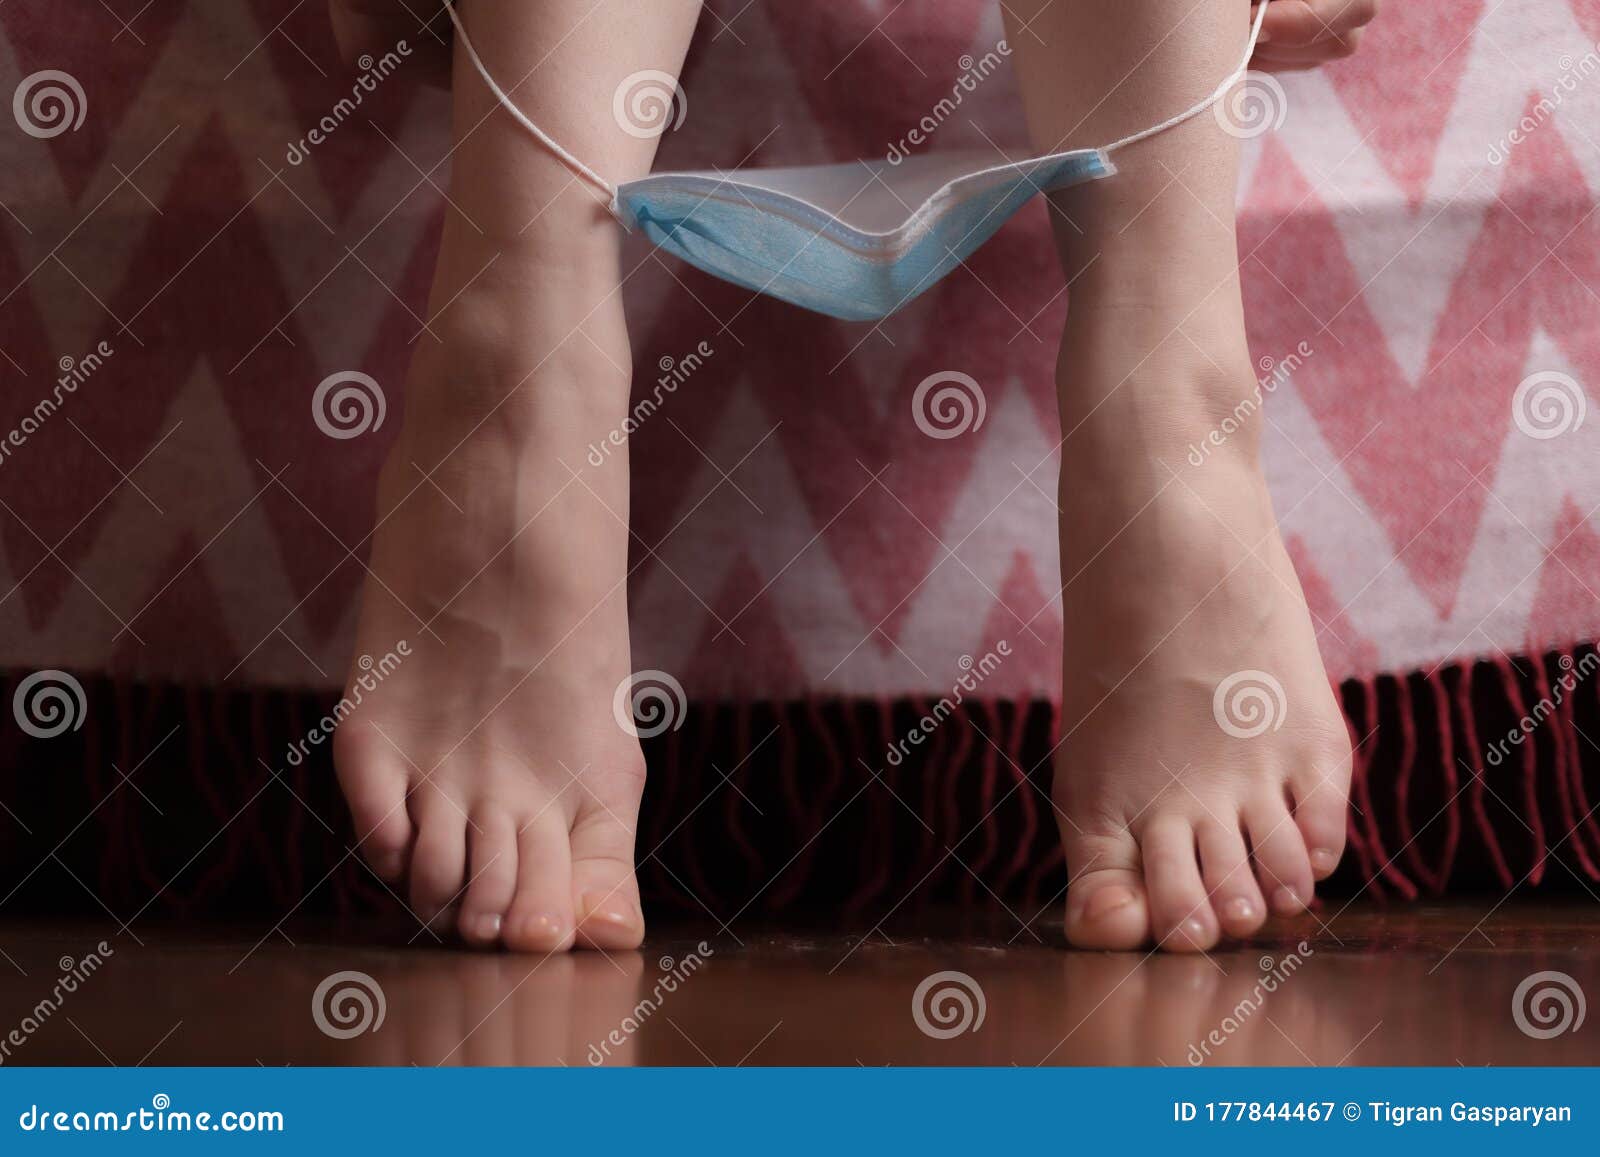 Woman with pink toenails taking off panties Stock Photo by
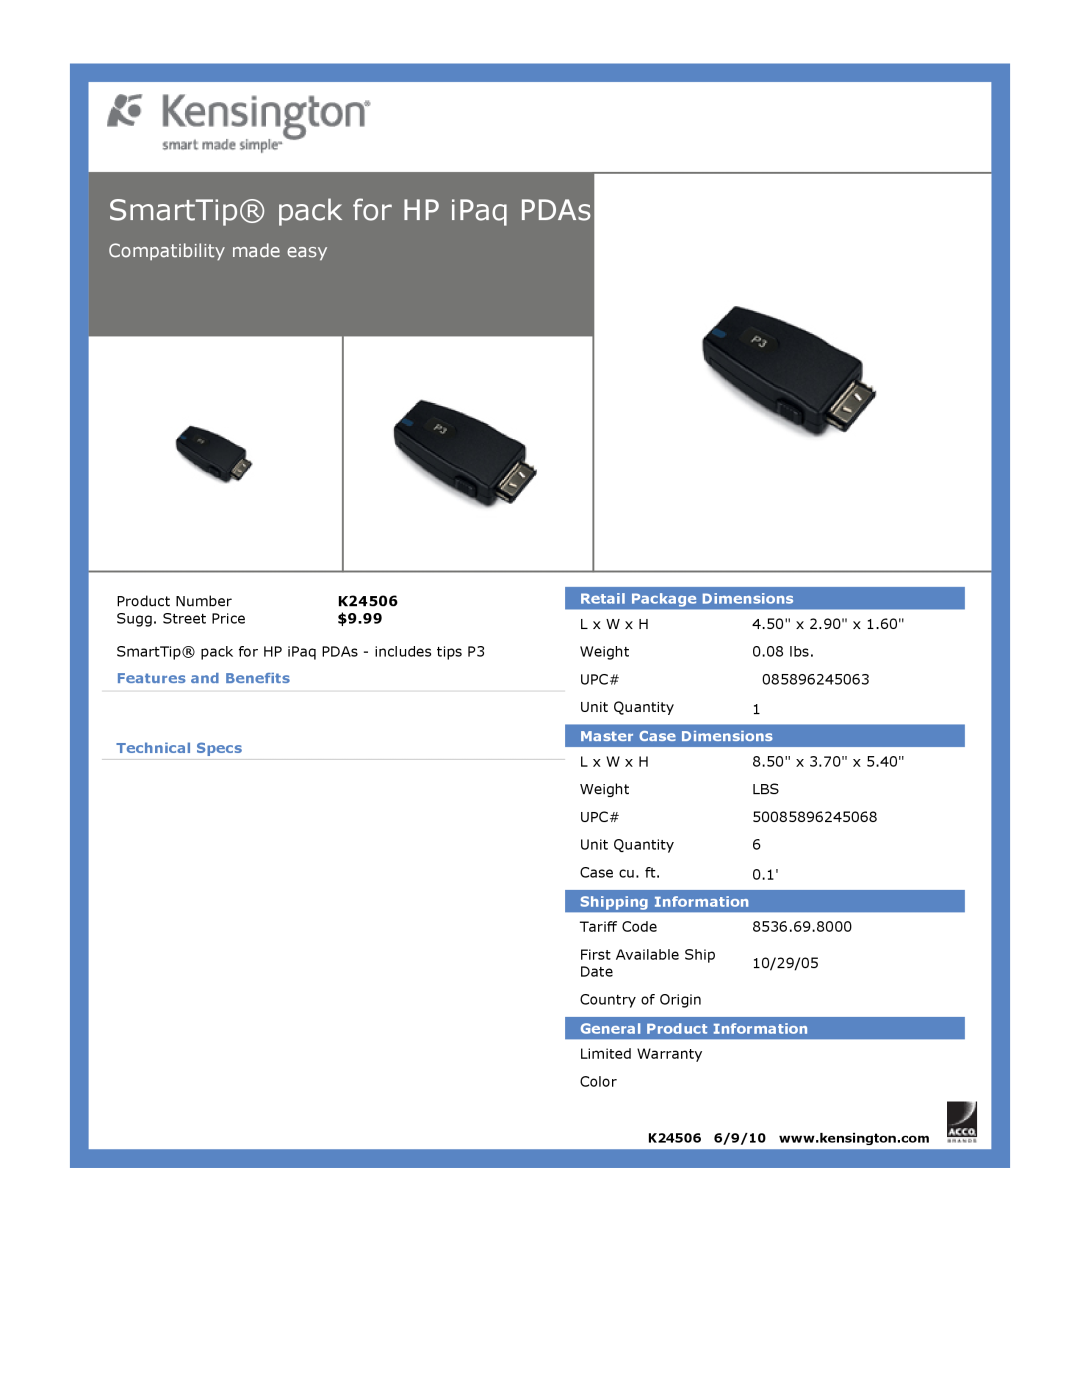 Kensington EU64325 SmartTip pack for HP iPaq PDAs, Compatibility made easy, $9.99, Features and Benefits Technical Specs 
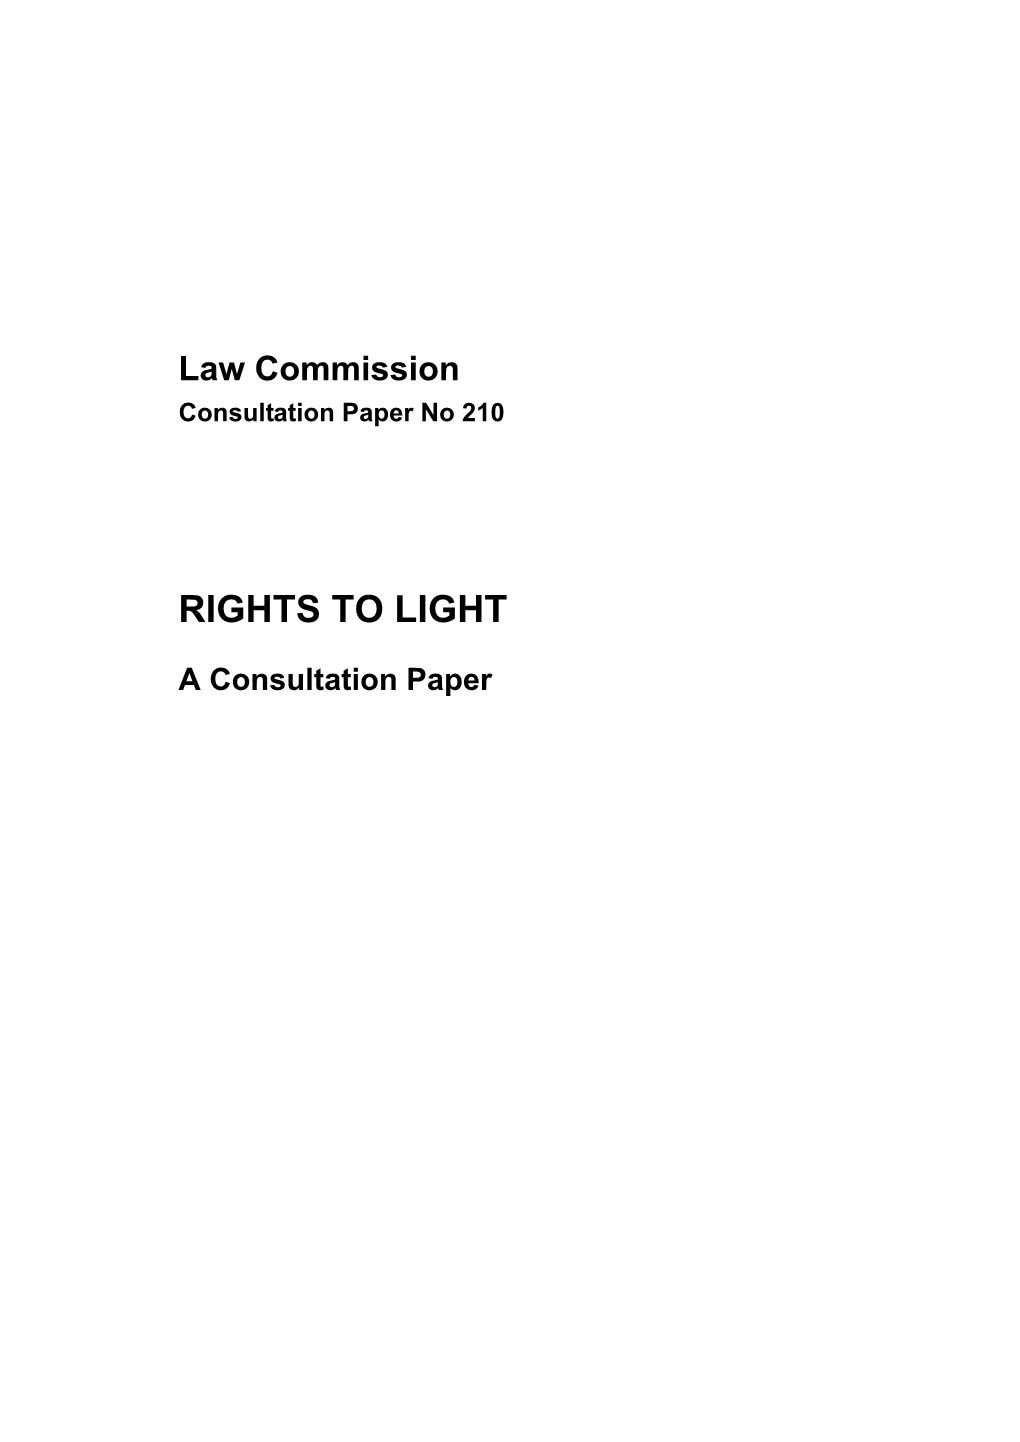 Rights to Light Consultation

# Task directions
Pictures must not appear in the copy, which must otherwise match the listing exactly.

# Task solution
 Woman with pink toenails taking off panties Stock Photo by
 Kensington EU64325 SmartTip pack for HP iPaq PDAs, Compatibility made easy, $9.99, Features and Benefits Technical Specs 
 Rights to Light Consultation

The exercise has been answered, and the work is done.